All pattern classes are mutation-tested: a deliberately weakened regex (e.g., AKIA[0-9A-Z]{15} — one fewer character class) must cause the canonical-example test to FAIL. Pattern coverage is verified, not asserted.
Acceptance criteria¶
Module / surface:
- [ ] AC-1 —
src/codegenie/output/sanitizer.pyexportsredact_secrets(slice_: dict[str, JSONValue], probe_name: ProbeId) -> tuple[RedactedSlice, list[SecretFinding]]. The existingOutputSanitizer.scrubinterface is unchanged (composition is S3-03's job). - [ ] AC-2 —
src/codegenie/output/sanitizer.pymodule docstring is extended (Phase 0 docstring preserved) to referencephase-arch-design.md §"Component design" #4, 02-ADR-0005, and 02-ADR-0010, and to document the entropy threshold (≥ 4.5 bits/char,len ≥ 32) with a one-line rationale ("Shannon-entropy floor sized against the gitleaks pattern pack; tunable perphase-arch-design.md §"Component design" #4").
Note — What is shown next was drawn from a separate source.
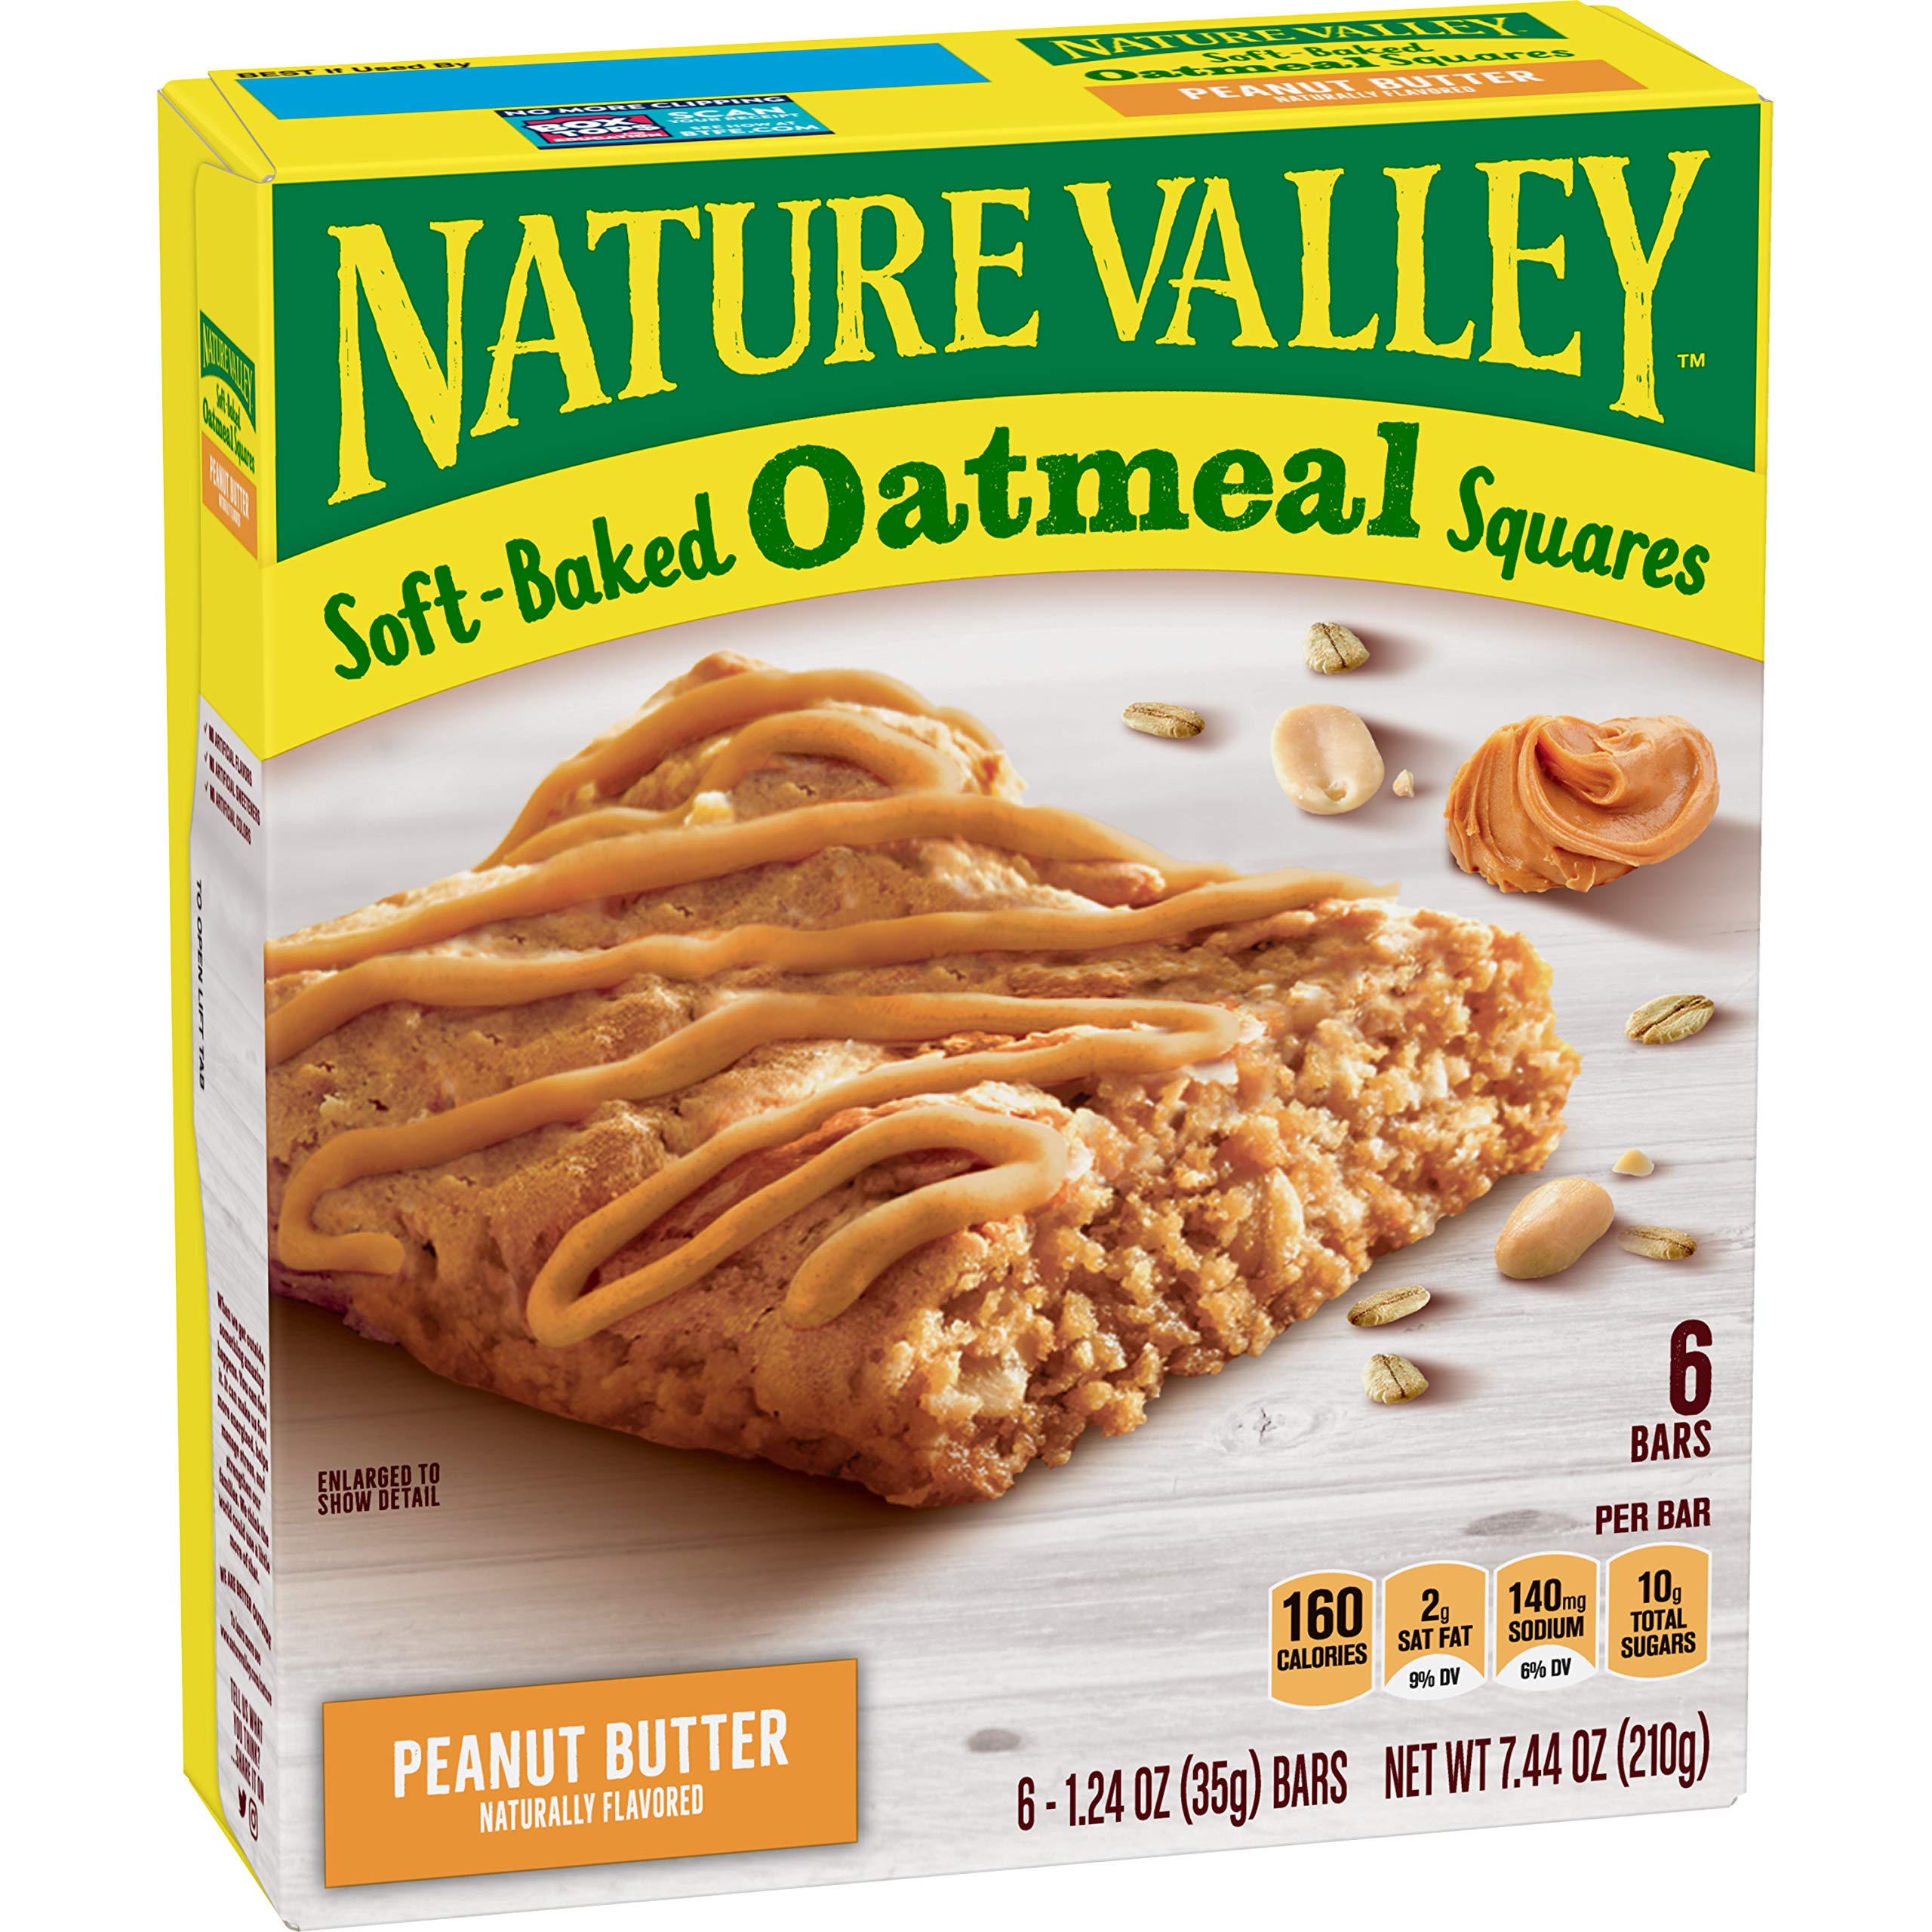 Nature Valley Granola Bars Sweet & Salty Nut Dark Chocolate Peanut & Almond  - 6-1.24 Oz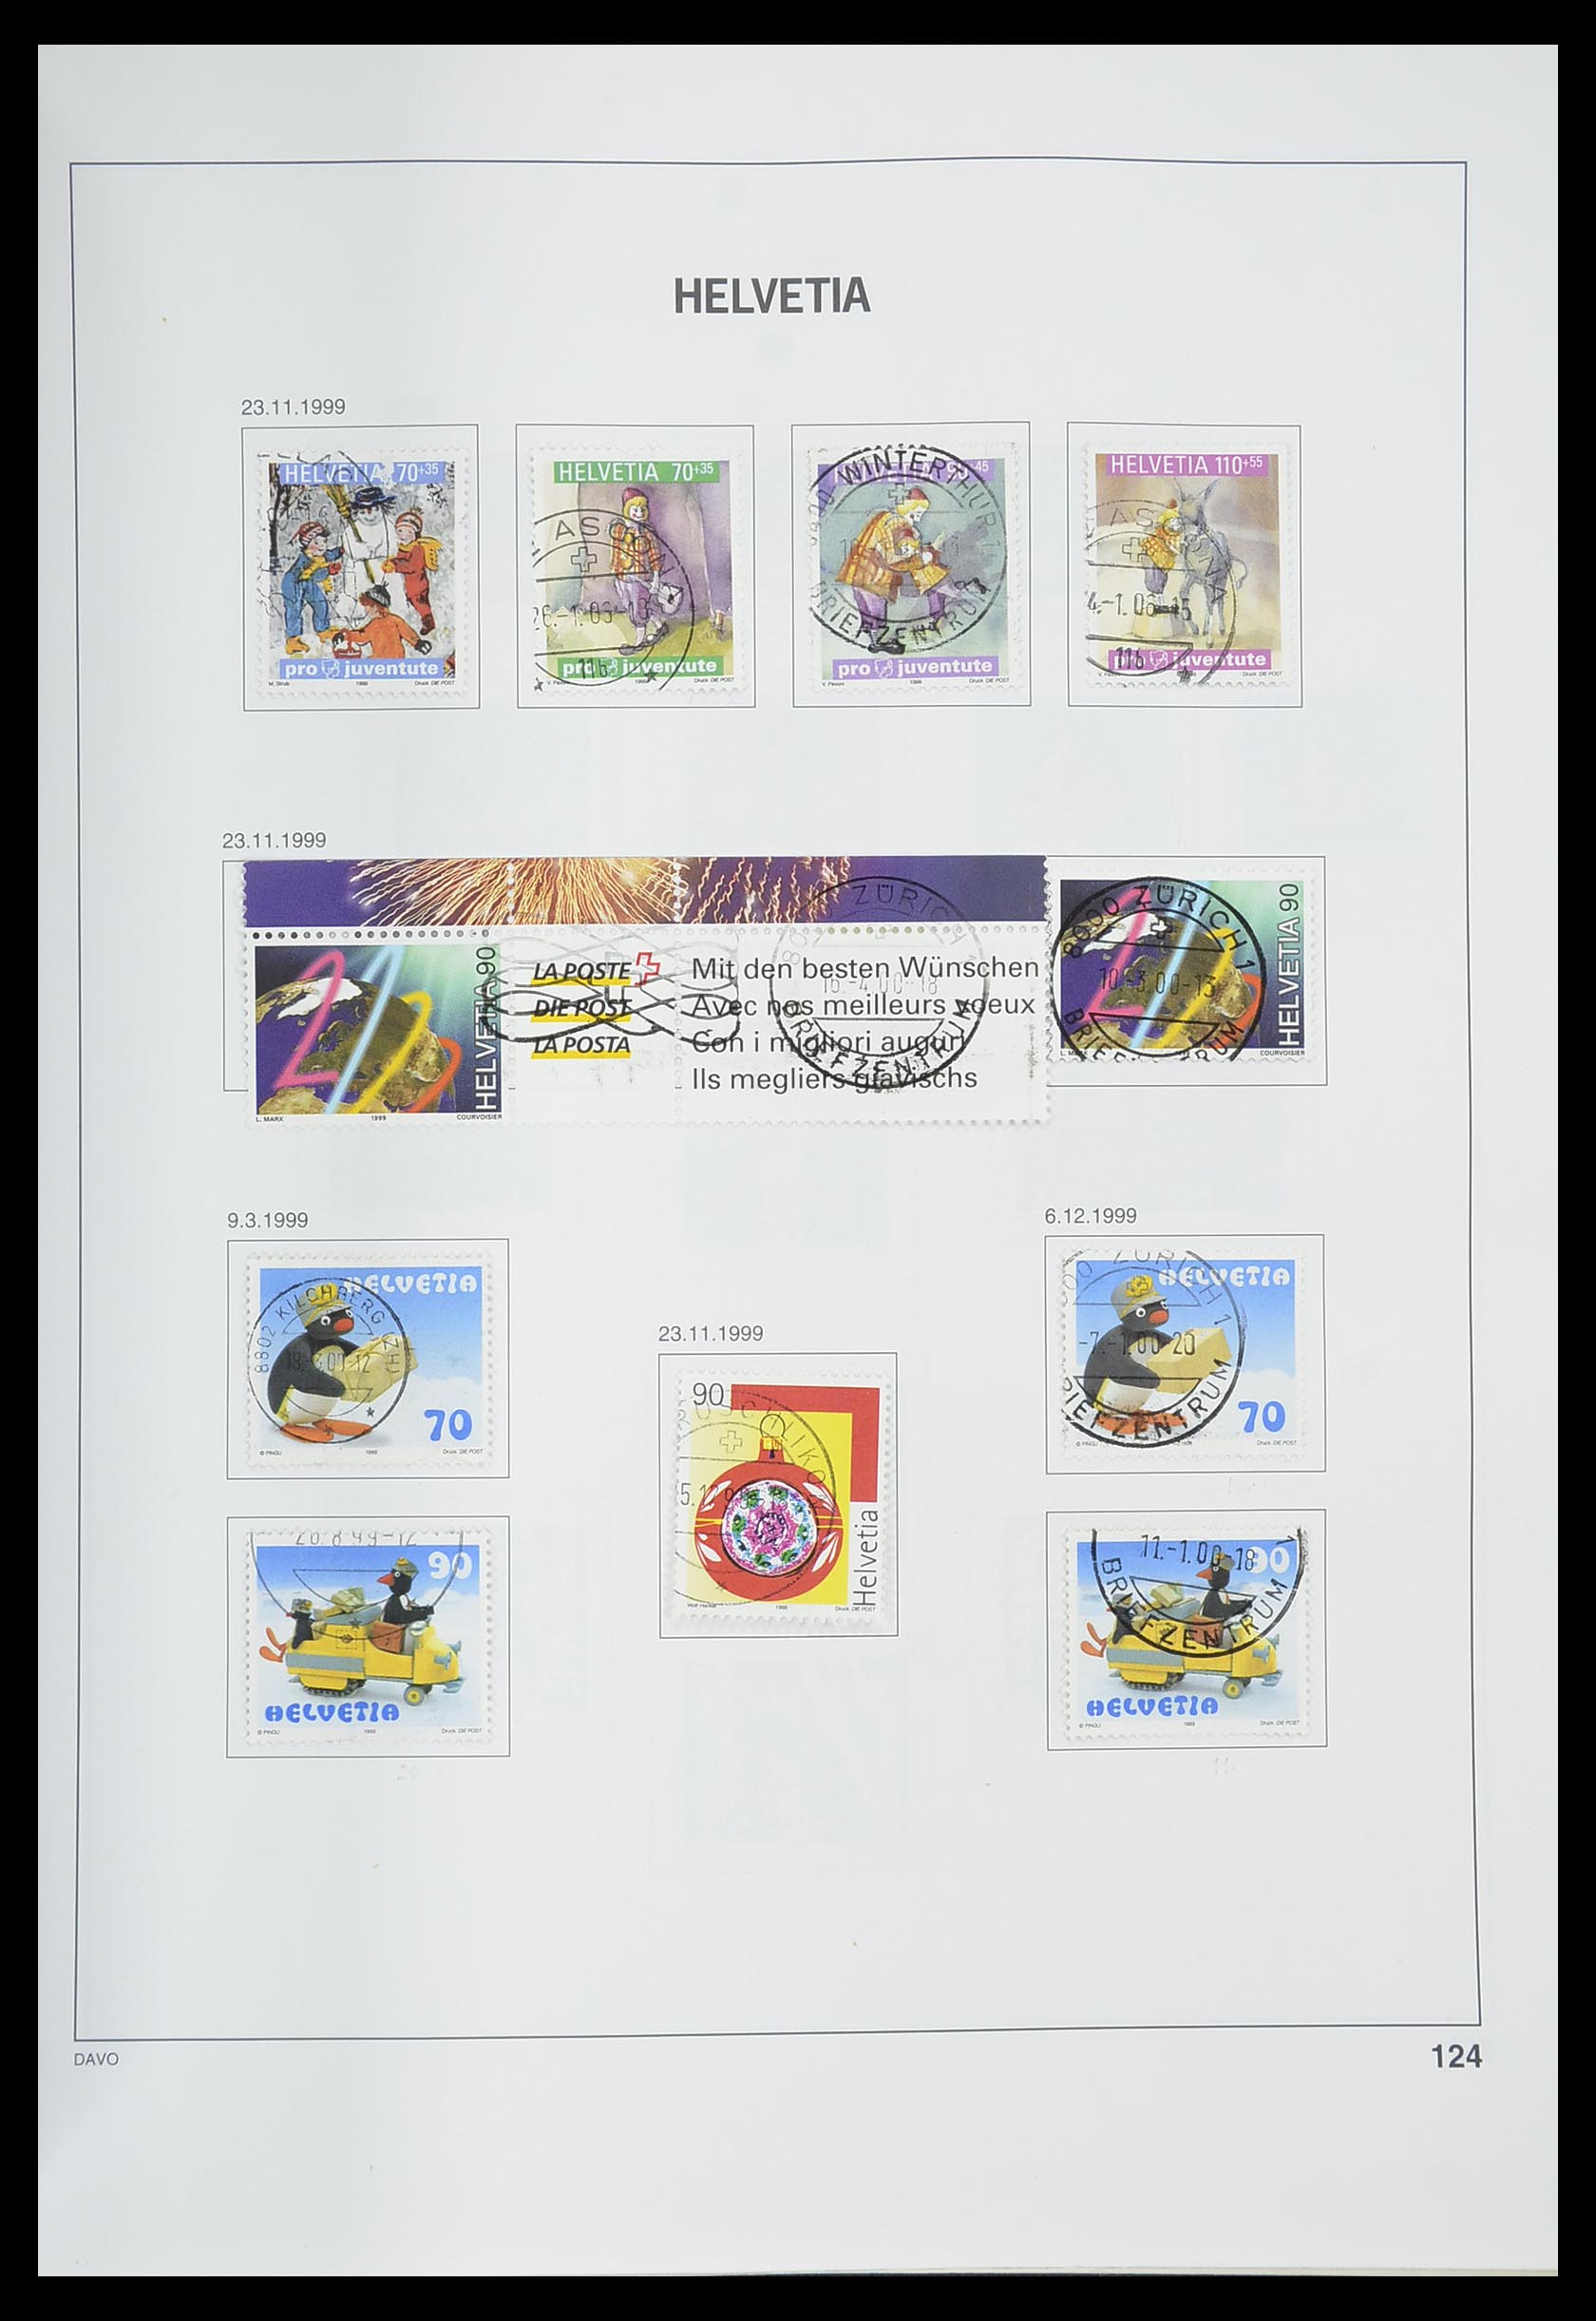 33559 125 - Stamp collection 33559 Switzerland 1850-2000.

A test programmatically asserts the docstring contains the substrings02-ADR-0005,02-ADR-0010,4.5, and32—assert all(s in inspect.getdoc(codegenie.output.sanitizer) for s in [...]). A regression that drops a reference is caught. - [ ] AC-3 —
SecretFindingis a Pydanticfrozen=True, extra="forbid"model insrc/codegenie/output/sanitizer.py(or a sibling module imported from it) with exactly four fields:probe_name: ProbeId,fingerprint: str(8 hex chars),pattern_class: Literal["aws_access_key", "github_token", "jwt", "rsa_private_key", "npm_token", "anthropic_key", "entropy"],cleartext_len: int. Nocleartextfield, nofile_linefield (the file-line audit trail is the caller's job — gitleaks attaches it separately and never reaches the persisted artifact per 02-ADR-0005).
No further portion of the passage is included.